* **BRIEF**
Although the data below contains pictures, output only the lines between those holding "vista-capital-partners-logo-color.jpg" and "Конструктор гоночна машина, Конструктор", inclusive, exactly and without those pictures.

* **PROVIDED RECORDS**
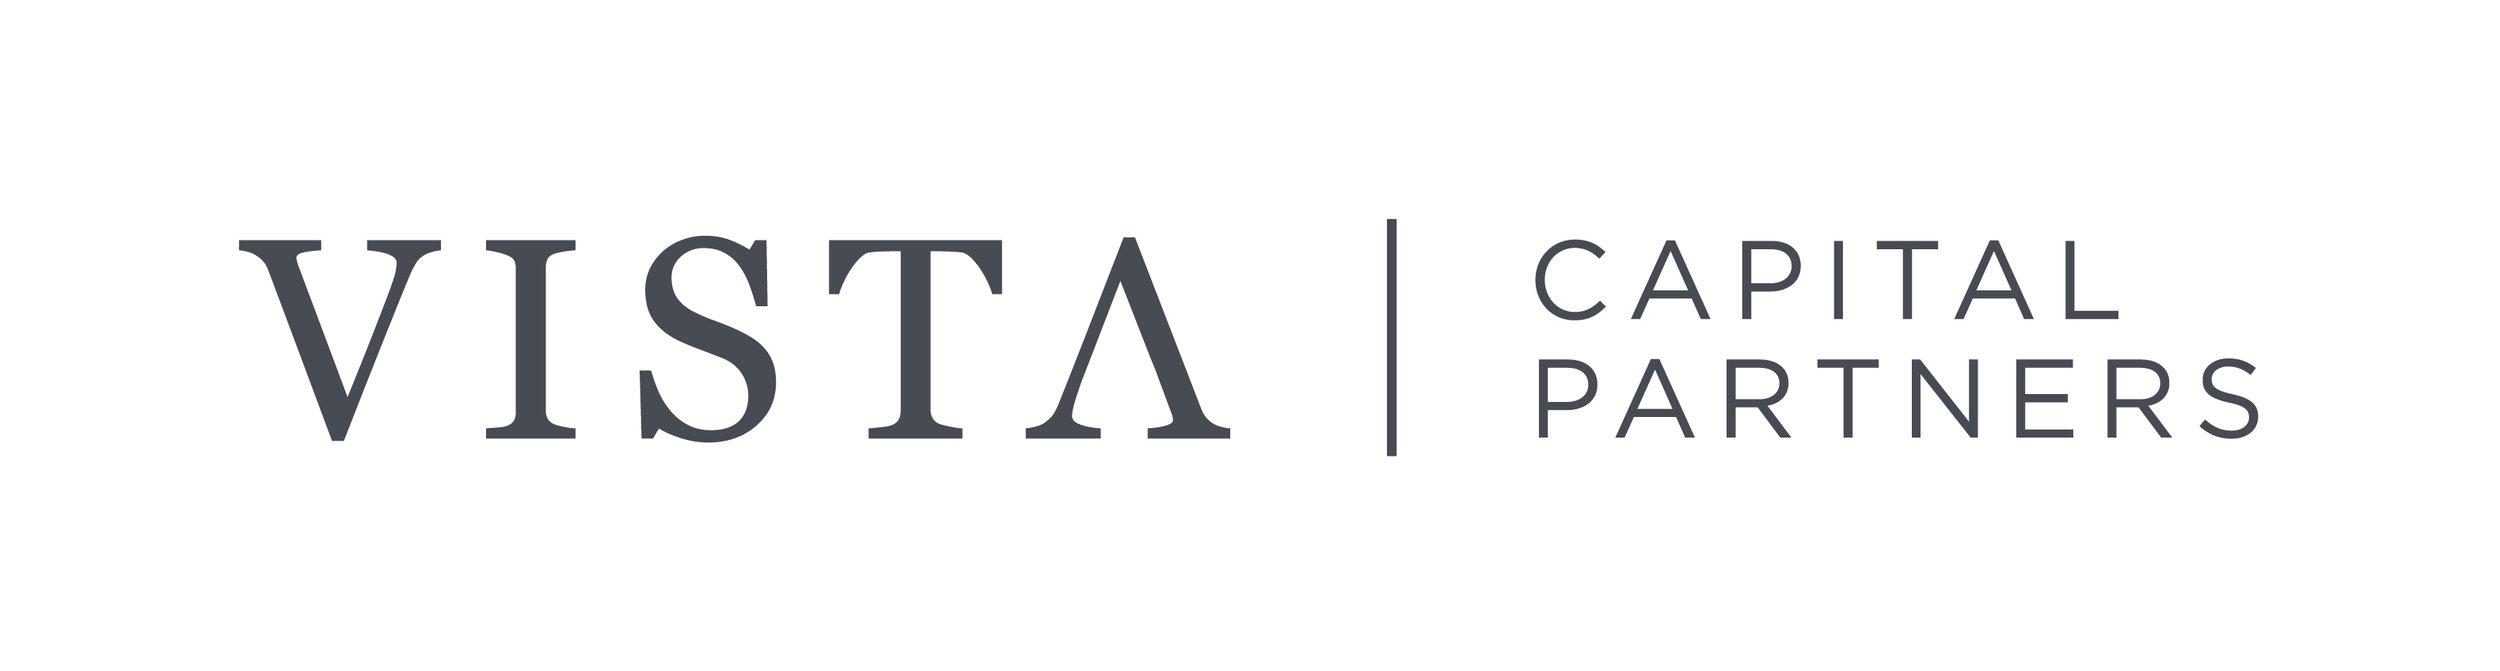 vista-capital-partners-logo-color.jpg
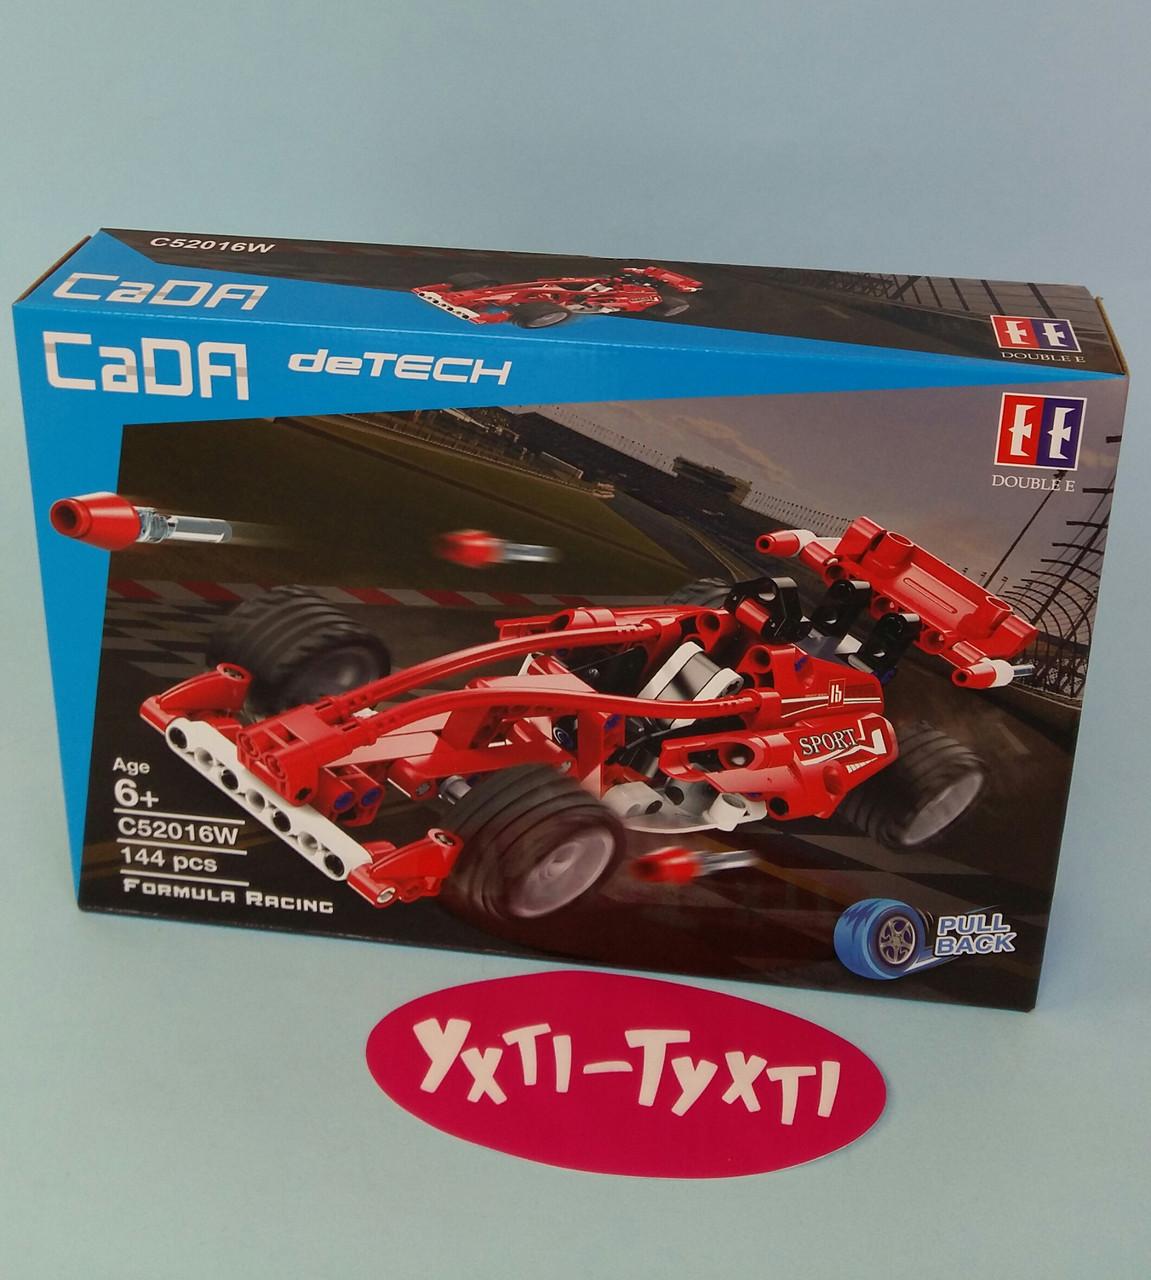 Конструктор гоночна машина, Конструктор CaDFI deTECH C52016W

==

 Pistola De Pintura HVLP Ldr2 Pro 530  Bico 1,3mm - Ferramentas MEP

...

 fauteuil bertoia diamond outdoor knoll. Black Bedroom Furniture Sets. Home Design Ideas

* **REPLY TO THE EXERCISE**
 vista-capital-partners-logo-color.jpg
 Конструктор гоночна машина, Конструктор CaDFI deTECH C52016W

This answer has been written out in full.